There is a need for a process that maintains excellent dewatering properties
for
tailings while providing a very low yield stress material needed for
transportation.
BRIEF SUMMARY
Embodiments relate to method of transporting an aqueous tailings
composition by way of a conduit, the method comprising: A) forming an aqueous
tailings composition comprising the step of adding a flocculant composition
comprising
a poly(ethylene oxide) (co)polymer composition that includes a poly(ethylene
oxide)
polymer and/or a copolymer of ethylene oxide to a tailings stream having a
solids
content equal to or less than 15 weight percent and B) flowing the aqueous
tailings
composition through the conduit from a first point to a second point along the
conduit.
The poly(ethylene oxide) (co)polymer composition may be added in an amount
from 10
grams to 10,000 grams per ton of solids in the aqueous tailing composition.
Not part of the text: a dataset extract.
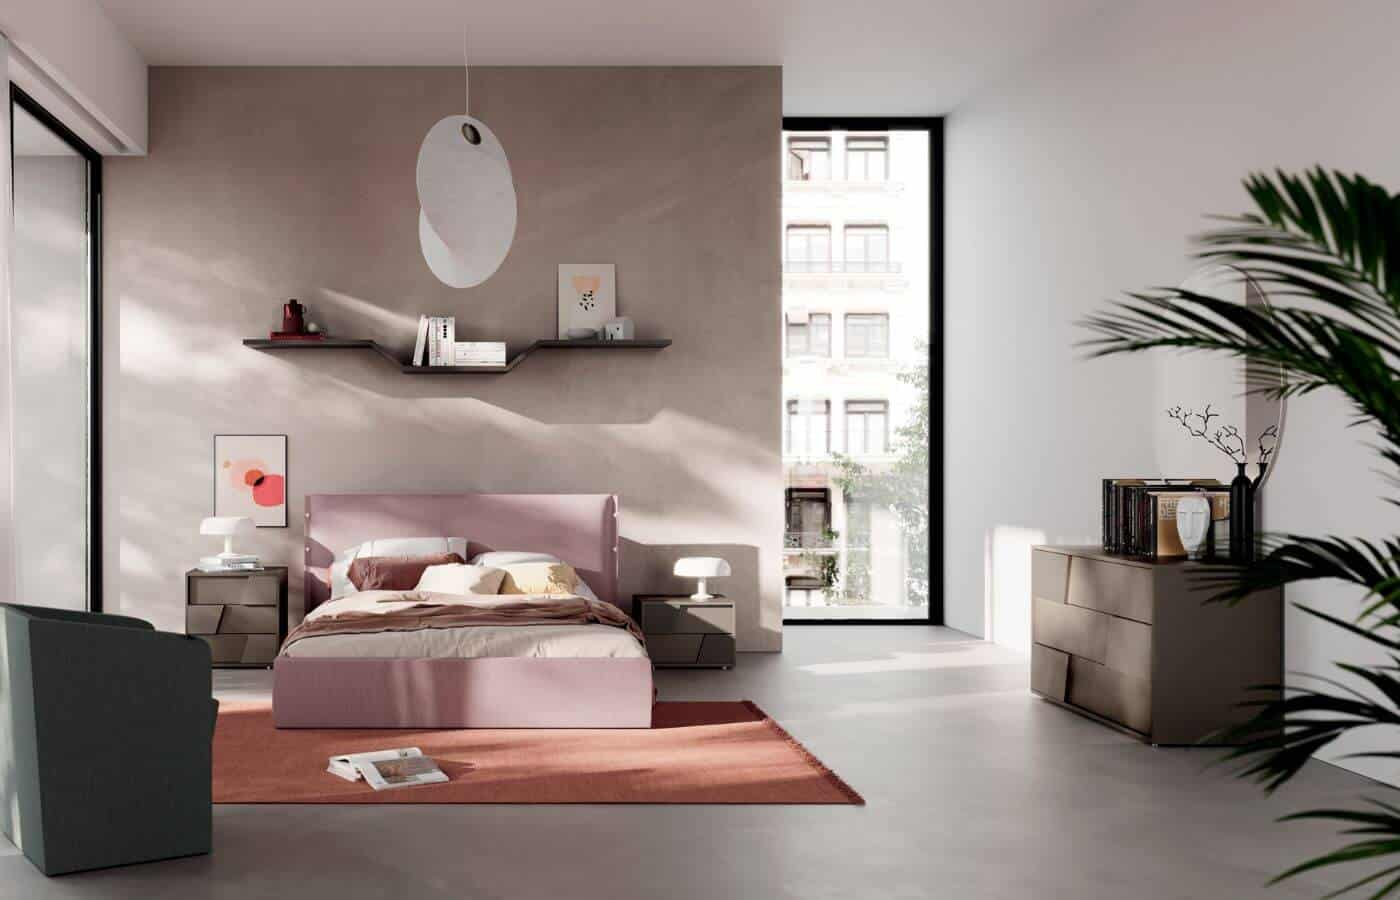 zona-notte-gruppo-letto-collezione-alisso-il-mobile (2)

In one embodiment of the process disclosed herein above, the poly(ethylene
oxide) (co)polymer composition comprises a poly(ethylene oxide) homopolymer, a
poly(ethylene oxide) copolymer, or mixtures thereof.
In one embodiment of the process disclosed herein above, the poly(ethylene
oxide) copolymer is a copolymer of ethylene oxide with one or more of
epichlorohydrin, propylene oxide, butylene oxide, styrene oxide, an epoxy
functionalized hydrophobic monomer, glycidyl ether functionalized hydrophobic
monomer, a silane-functionalized glycidyl ether monomer, or a siloxane-
functionalized
glycidyl ether monomer.
In one embodiment of the process disclosed herein above, the poly(ethylene
oxide) (co)polymer has a molecular weight of equal to or greater than
1,000,000 Da.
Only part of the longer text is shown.